Hoe wordt de pH-controle van de slokdarm uitgevoerd?
- Slokdarm-pH-monitoring wordt uitgevoerd door een dunne plastic katheter met een diameter van 16 inch door één neusgat te voeren, langs de achterkant van de keel en in de slokdarm terwijl de patiënt slikt. De punt van de katheter bevat een sensor die zuur detecteert. De sensor wordt in de slokdarm geplaatst, zodat deze zich net boven de onderste slokdarmsfincter bevindt, een gespecialiseerd gebied van de slokdarmspier dat op de kruising van de slokdarm en de maag ligt en voorkomt dat zuur terugvloeit in de slokdarm. In deze positie registreert de sensor elke terugvloeiing van zuur. De katheter die uit de neus steekt, is verbonden met een recorder die elke terugvloeiing van zuur registreert.
- De patiënt wordt naar huis gestuurd met de katheter en de recorder op zijn plaats en komt de volgende dag terug om ze te laten verwijderen. Gedurende de 24 uur dat de katheter op zijn plaats zit, doet de patiënt zijn of haar gebruikelijke activiteiten, zoals eten, slapen en werken. Maaltijden, slaapperioden en symptomen worden door de patiënt vastgelegd in een dagboek en/of door op knoppen op de recorder te drukken. Nadat de katheter is verwijderd, wordt de recorder op een computer aangesloten, zodat de verzamelde gegevens kunnen worden gedownload naar de computer waar ze worden geanalyseerd en in grafische vorm worden omgezet. De procedure kan worden aangepast door de sensor in de bovenste slokdarm of farynx te plaatsen om te bepalen of gerefluxt zuur de farynx bereikt.

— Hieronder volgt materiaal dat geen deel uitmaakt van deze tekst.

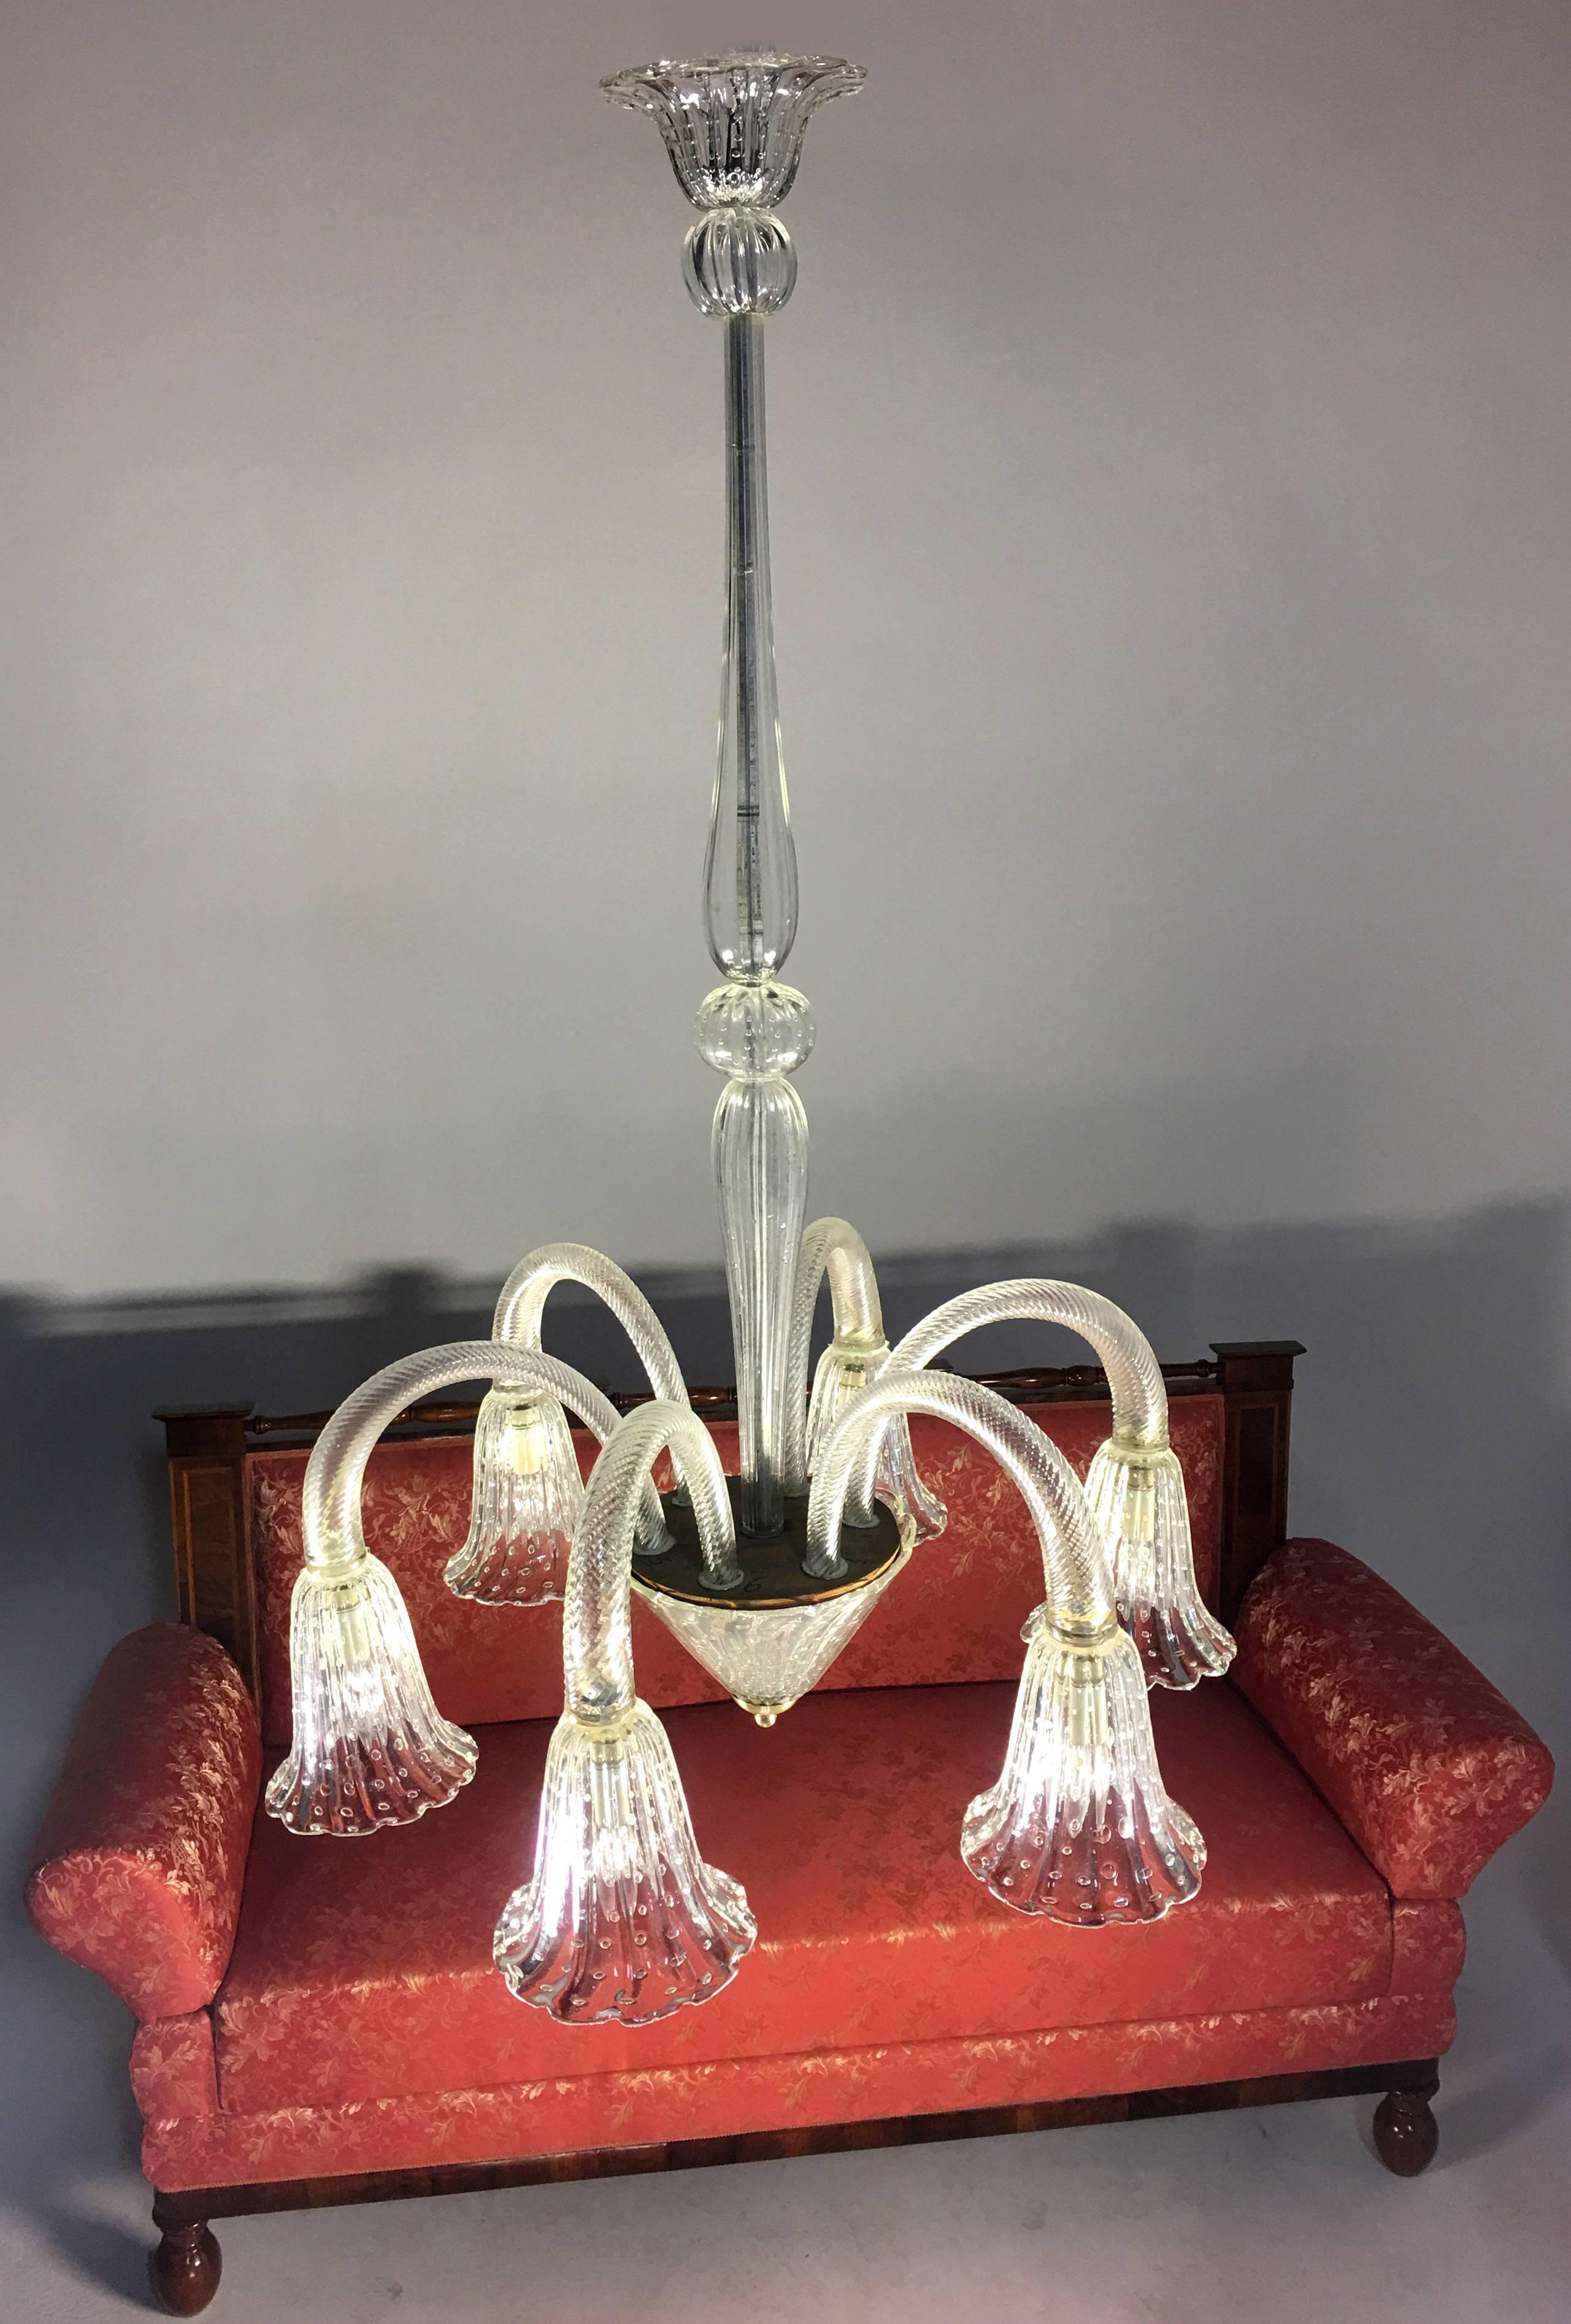 20th Century Luxurious Chandelier by Ercole Barovier, Murano, 1940s

- Het meest recent ontwikkelde apparaat voor het bewaken van de slokdarm-pH maakt gebruik van een capsule die ook wel de Bravo-capsule wordt genoemd. De capsule bevat een zuursensor, een batterij en een zender. De sonde bewaakt het zuur in de slokdarm en geeft de informatie door aan een recorder die door de patiënt aan een riem wordt gedragen. Het kapsel wordt met een katheter via de neus of mond in de slokdarm gebracht en met een clip aan de binnenkant van de slokdarm bevestigd. De katheter wordt dan losgemaakt van de capsule en verwijderd. Er steekt dus geen katheter uit de neus. De capsule zendt twee dagen of drie dagen uit, en dan gaat de batterij leeg. Vijf tot zeven dagen later valt de capsule van de slokdarmwand en komt in de ontlasting terecht omdat de capsule niet opnieuw kan worden gebruikt.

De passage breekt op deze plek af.